Improving Out-of-Distribution Detection by Combining Existing Post-hoc Methods
Paul Novello, Yannick Prudent, Joseba Dalmau, Corentin Friedrich, Yann Pequignot
TL;DR
The paper tackles the challenge that no single post-hoc OOD detector dominates across datasets by proposing to fuse many existing OOD scores. It introduces four multivariate combination strategies—Majority Vote, Empirical CDF, Copula-based CDF, and Center-Outward Quantiles—and extends evaluation metrics to multidimensional detectors.
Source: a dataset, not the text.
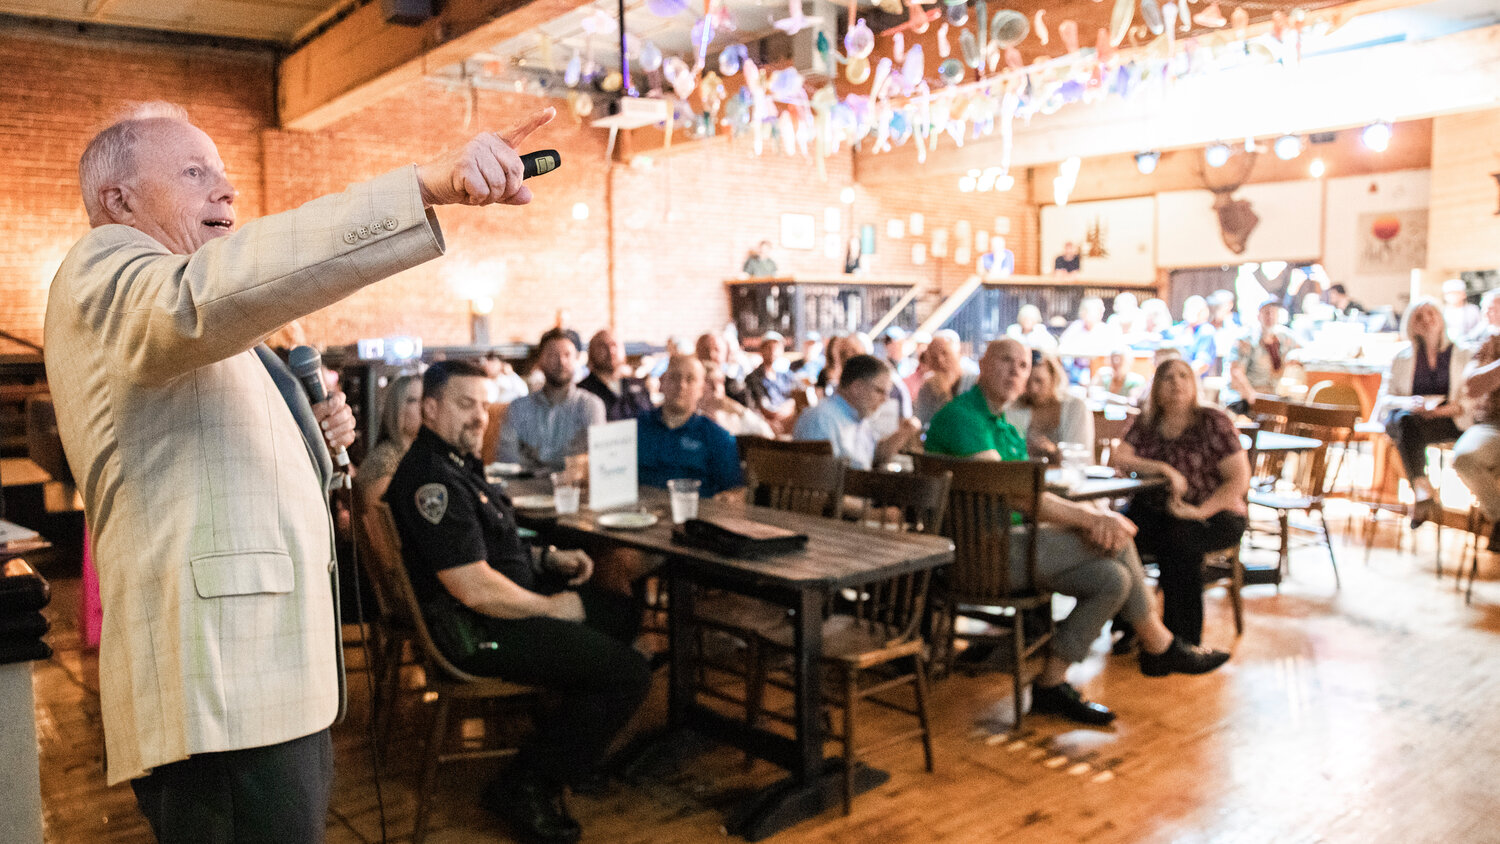 Dr. Bill Conerly points to a presentation while giving an economic forecast for Lewis County during an event hosted by the Economic Alliance of Lewis County at The Juice Box in Centralia on Wednesday, May 17.
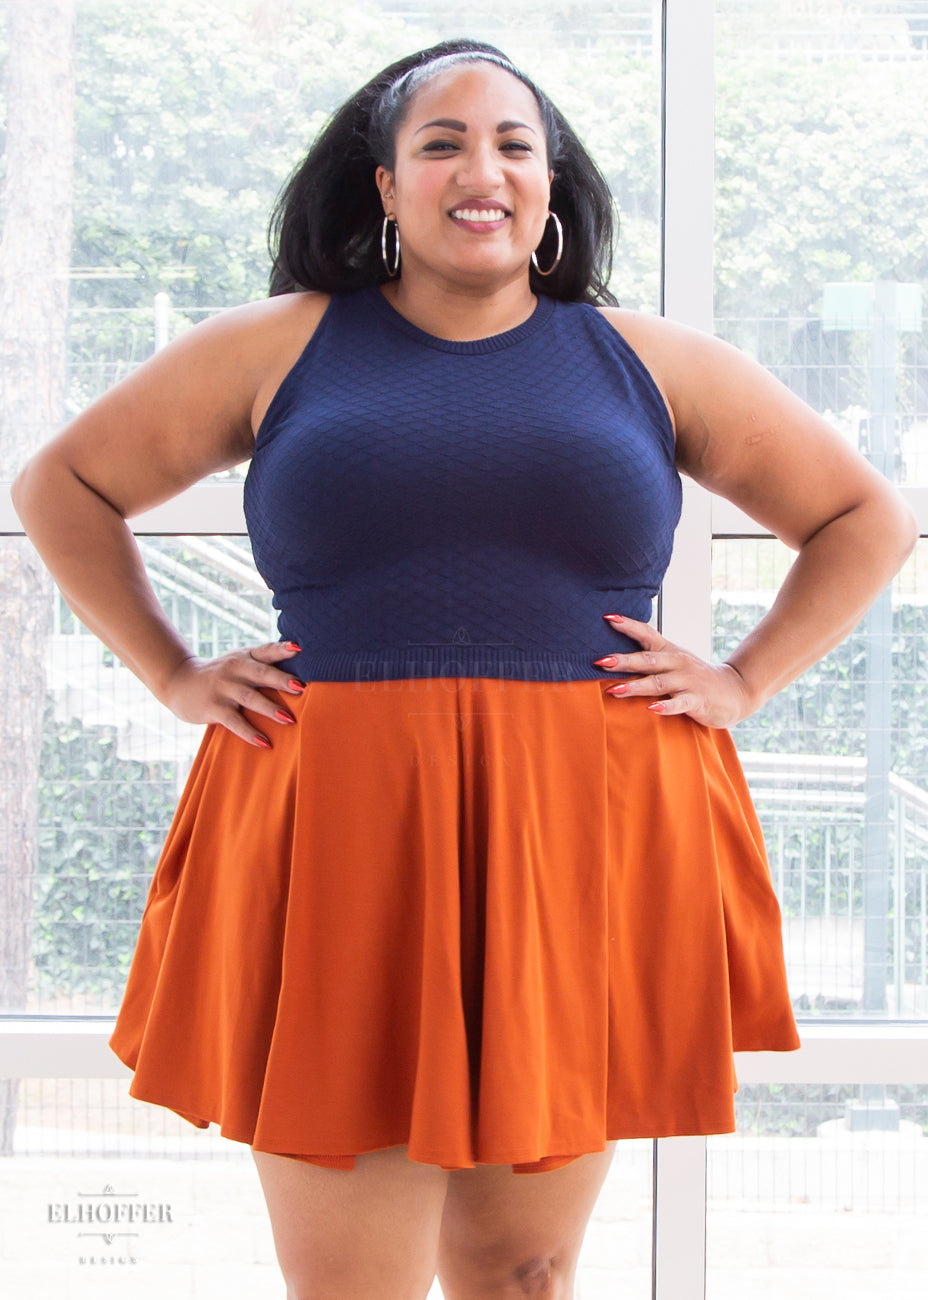 Tas is modeling the size 2XL skirt. She has a 51” Bust, 39.5” Waist, 52” Hips, and is 5’6”.

Through extensive experiments on OpenOOD across CIFAR-10/100 and ImageNet-200, it shows that score fusion consistently improves AUROC over the best individual detectors and provides practical guidelines for selecting combinations with or without access to OOD data, including Outlier Exposure. The approach is flexible, scalable to different tasks, and comes with open-source code to facilitate adoption in safety-critical applications. The work thus offers a principled, data-efficient route to more robust OOD detection by leveraging complementary information across many existing detectors.
Abstract
Since the seminal paper of Hendrycks et al. arXiv:1610.02136, Post-hoc deep Out-of-Distribution (OOD) detection has expanded rapidly. As a result, practitioners working on safety-critical applications and seeking to improve the robustness of a neural network now have a plethora of methods to choose from. However, no method outperforms every other on every dataset arXiv:2210.07242, so the current best practice is to test all the methods on the datasets at hand. This paper shifts focus from developing new methods to effectively combining existing ones to enhance OOD detection. We propose and compare four different strategies for integrating multiple detection scores into a unified OOD detector, based on techniques such as majority vote, empirical and copulas-based Cumulative Distribution Function modeling, and multivariate quantiles based on optimal transport. We extend common OOD evaluation metrics -- like AUROC and FPR at fixed TPR rates -- to these multi-dimensional OOD detectors, allowing us to evaluate them and compare them with individual methods on extensive benchmarks. Furthermore, we propose a series of guidelines to choose what OOD detectors to combine in more realistic settings, i.e. in the absence of known OOD data, relying on principles drawn from Outlier Exposure arXiv:1812.04606. The code is available at https://github.com/paulnovello/multi-ood.